For the last couple months, I have felt a burden to write the following posts, and though I don't see myself as an accomplished writer, I pray that God will use them to encourage you in your life, in some small way.
So, I'm 20 = not yet the "BIG 21", but no longer a "teenager". My friends and I used to joke that it was the "nothing year", though in grave reality, it is far, far from that!  I never really identified with the modern "teenager" idea (you know, the "Junior" Section in most clothing stores, that makes one look like an immature, self-obsessed rockstar-wanna-be, which follows along with (or maybe pre-dates?) their wearers). That might not be what your idea of what a"teenager" is like, but I guess that is the picture stuck in my mind.
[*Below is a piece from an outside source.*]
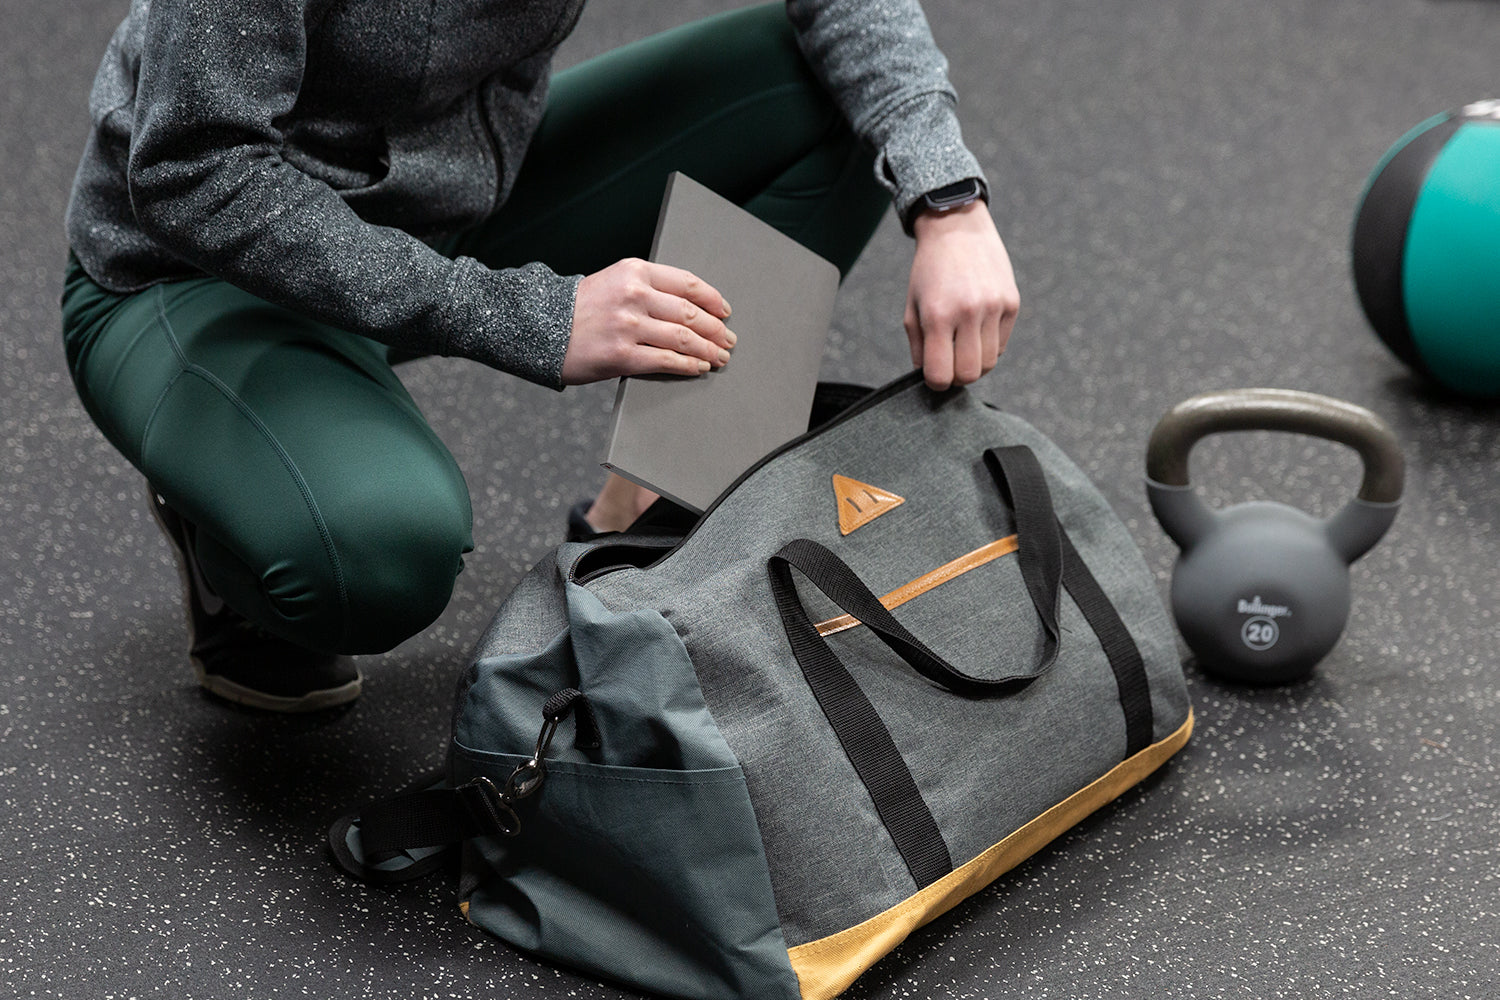 A woman in grey and green fitness gear in a gym bends down to put a fitness journal in a black bag.

If we are honest though, I think we would all agree that the majority of America's teenagers--both young men and women--are unconsciously (or consciously) trained by their superiors, media, schooling, and peers, that the teenage years are to be spent frivolously and freely, giving their sacred God-given gifts to those of the opposite sex, before the responsibility of adulthood ties them down for the rest of their life. Of course, without Biblical values to stand on, this only complicates the matters, because, what are 'morals' then? Who sets them? If there is no God, and we are just on this earth to enjoy it and "live life to the fullest", in a fleshly, lustful, self-centered way, why should we not create our own destiny and morality as well?
For those of us who were raised on a Biblical foundation (especially if you were raised in an incredible, God-centered home like mine), you should agree that we have each been blessed, and so much so, that often we don't grasp it and simply take it for granted. Even for us though, I think you would each have to agree that the teenage years aren't usually all ice cream and strawberries. There comes a point, where we each come to a set of crossroads.
We have to make a decision:
Will we fully embrace what we have been taught by our parents and choose to make our foundation firmly set on our Saviour's  Precepts and Principles? Or, will we wash away with the world, maybe even slowly, by embracing the 'not-so-bad' things?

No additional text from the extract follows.